The deal accepted by Circuit Judge Dennis Craig during a Jan. 22 hearing will allow Maria Howell, now 20, to spend 18 months in prison rather than the 15 years she would have faced otherwise. Under the terms of the deal, the child molestation charge that would have carried a potential 15-year-sentence was dropped to child abuse. 

Howell pleaded no contest to the abuse charge.

Howell had met the 14-year-old victim on social media, taken the girl for a "date" at Epic Theatres in Palm Coast and then driven with her to Port St. Lucie, where local police officers found Howell and the teen together June 11, 2016, shortly after the teen's parents had reported her missing, according to a Flagler County Sheriff's Office arrest affidavit. Both Howell and the teen told deputies that Howell had engaged in sexual activity with the victim.

By the time Howell was arrested Jan. 7, 2017, in connection with the molestation case, she was on probation for other charges: On Aug. 24, 2016, she kicked a law enforcement officer while resisting arrest on a disorderly intoxication charge.
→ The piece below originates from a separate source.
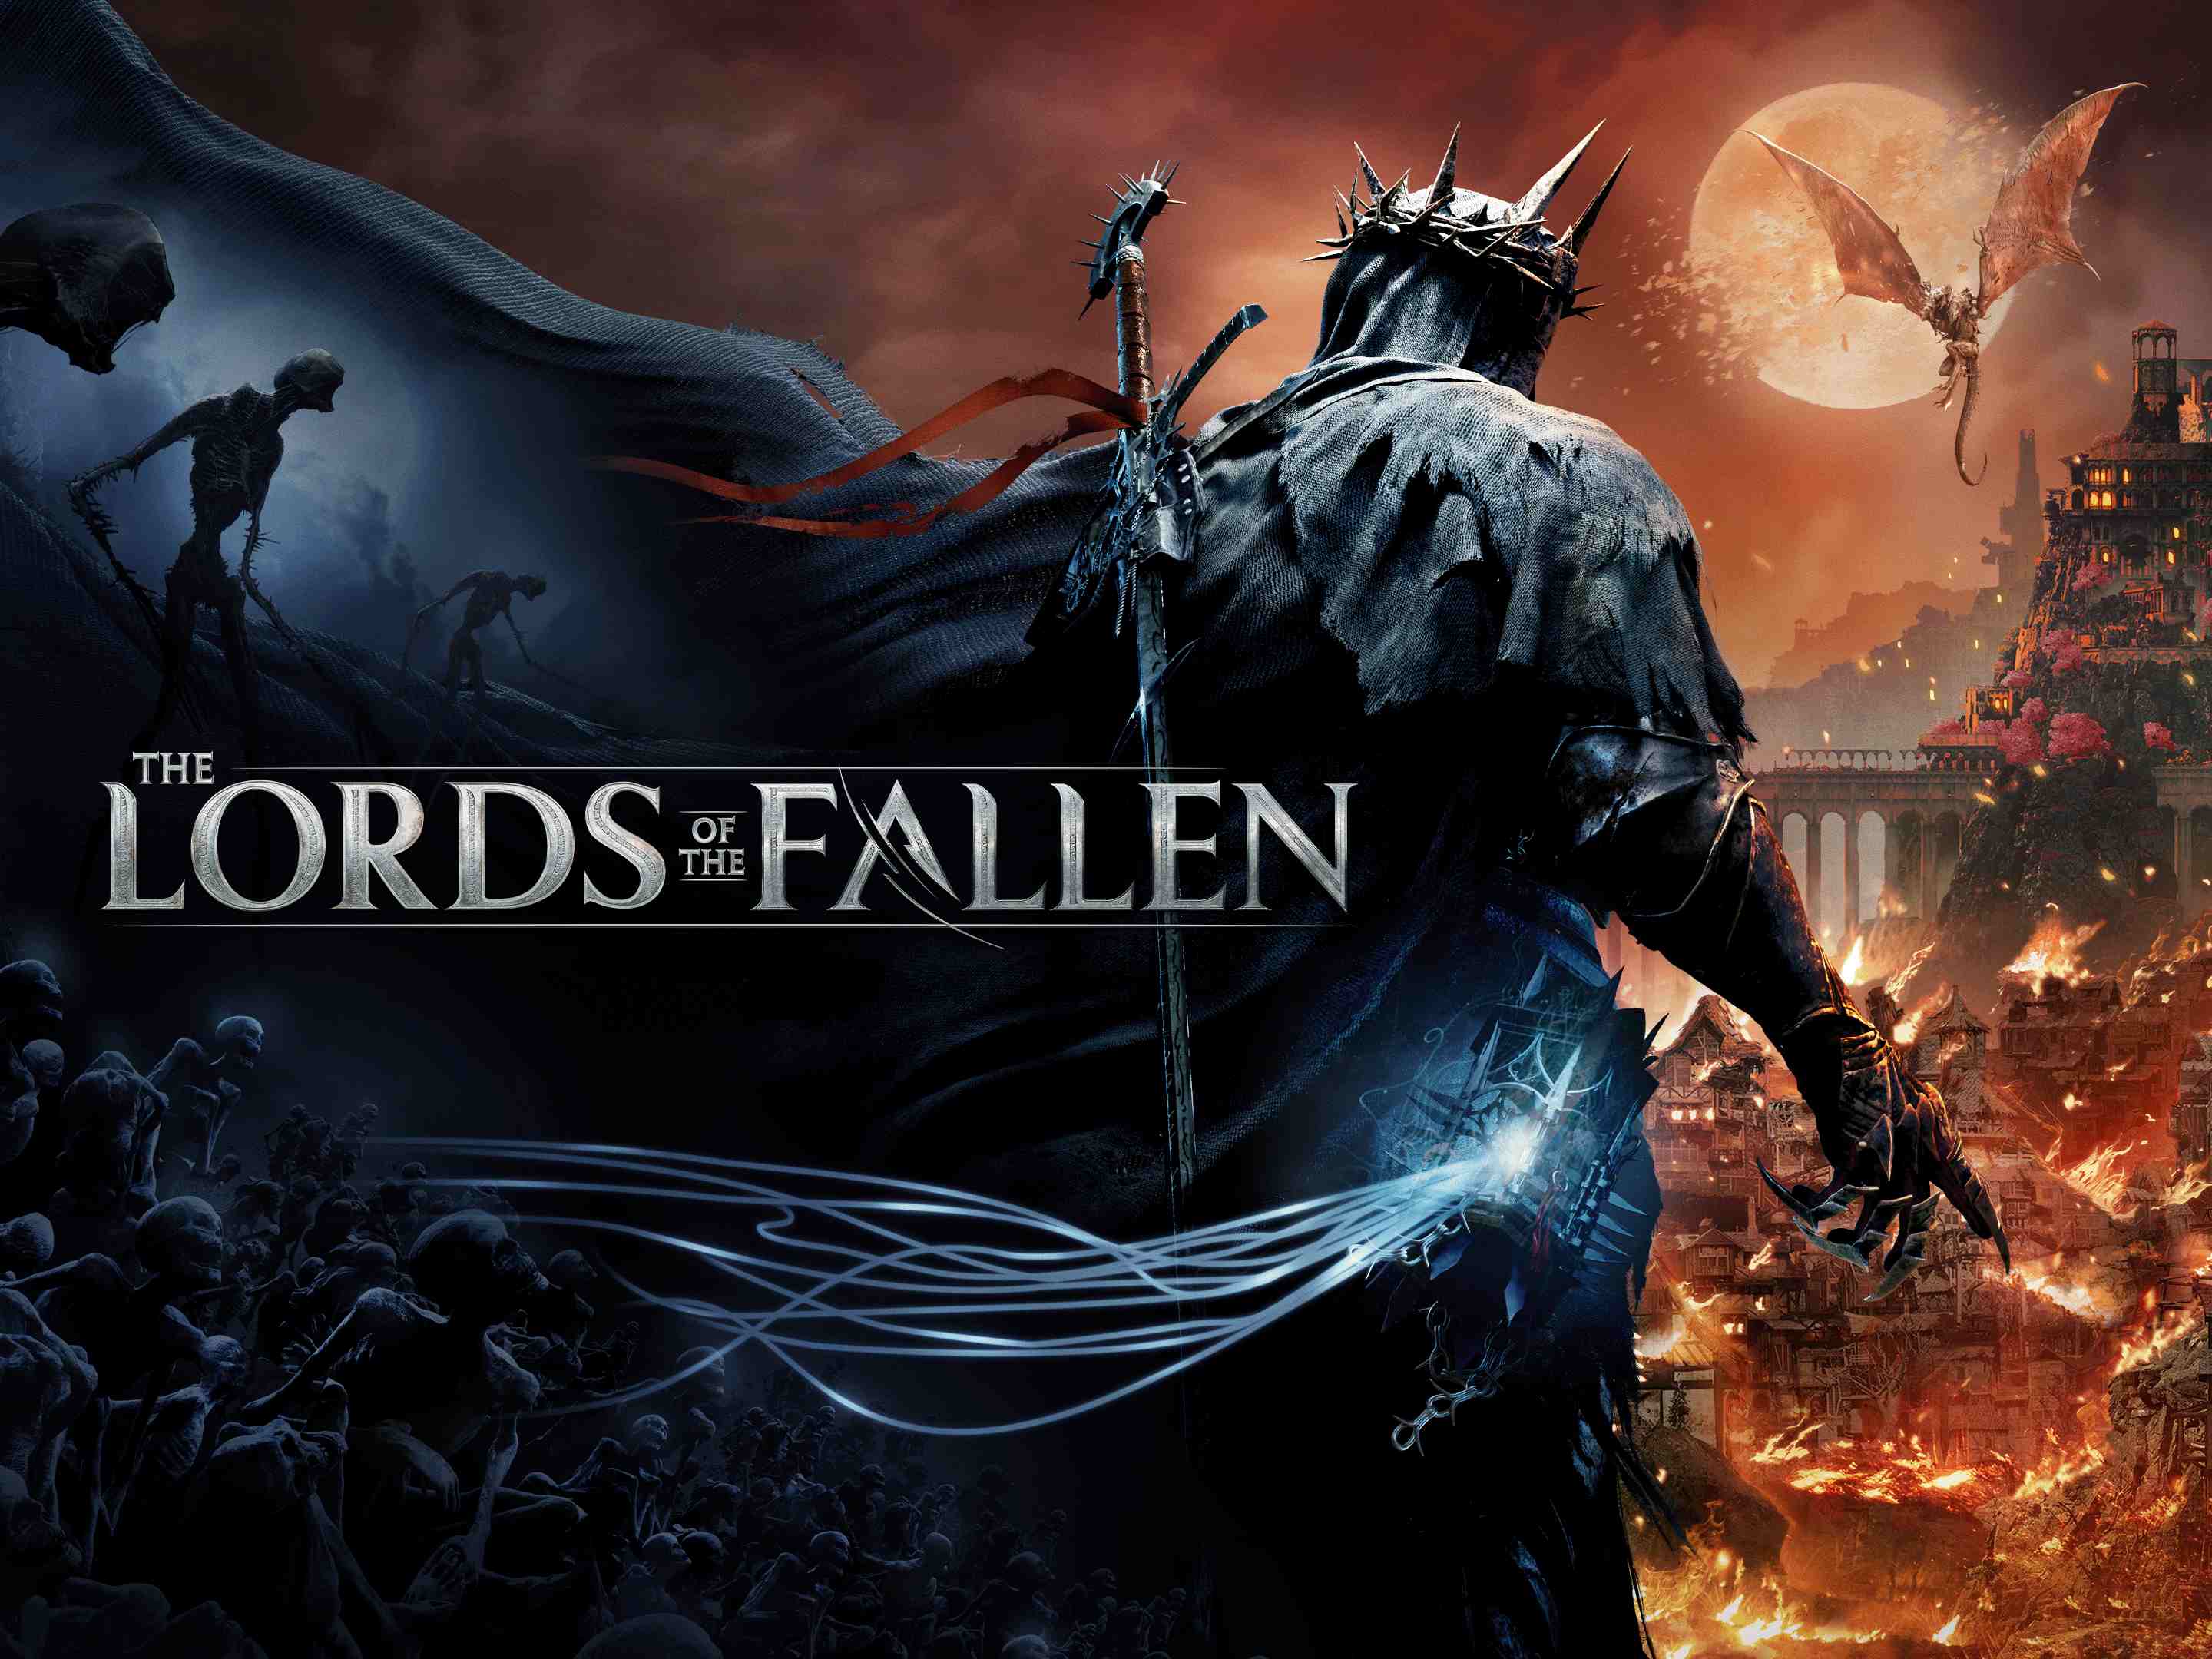 Lords of the Fallen Concept Art Wallpapers on WallpaperDog

In that case, she was again found in the company of an underage female runaway. 

And that wasn't the first such instance: in November 2015, Howell had been charged with contributing to the delinquency of a minor after she was found to have been in the company of a 15-year-old girl who'd gone missing from home for two days.

After Howell's 18 months in state prison, she'll spend 3.5 years on probation in connection with the child abuse charge and another five years on probation in connection with the battery on a law enforcement officer charge.

The acceptance of the plea deal was a change of course for Craig, who, during a previous hearing, had rejected an earlier proposed plea deal that did not include prison time for Howell. After the defense and the prosecution worked out the current plea deal with 18 months worth of prison time, Craig asked that the victim's mother provide her opinion of the deal, and, at the time, the mother opposed it. The case was set for trial.

But on the morning of Jan. 22, the victim's mother told Craig she'd changed her mind after the prosecution spoke with her and explained all of the terms of the plea deal. 

Howell will not be required to register as a sex offender after her release from prison, but she will be required to comply with standard sex offender probation requirements after her release: She won't be allowed to work or volunteer with kids, won't be allowed to live within 1,000 feet of a school or other place where children gather and will be required to undergo psychosexual evaluations.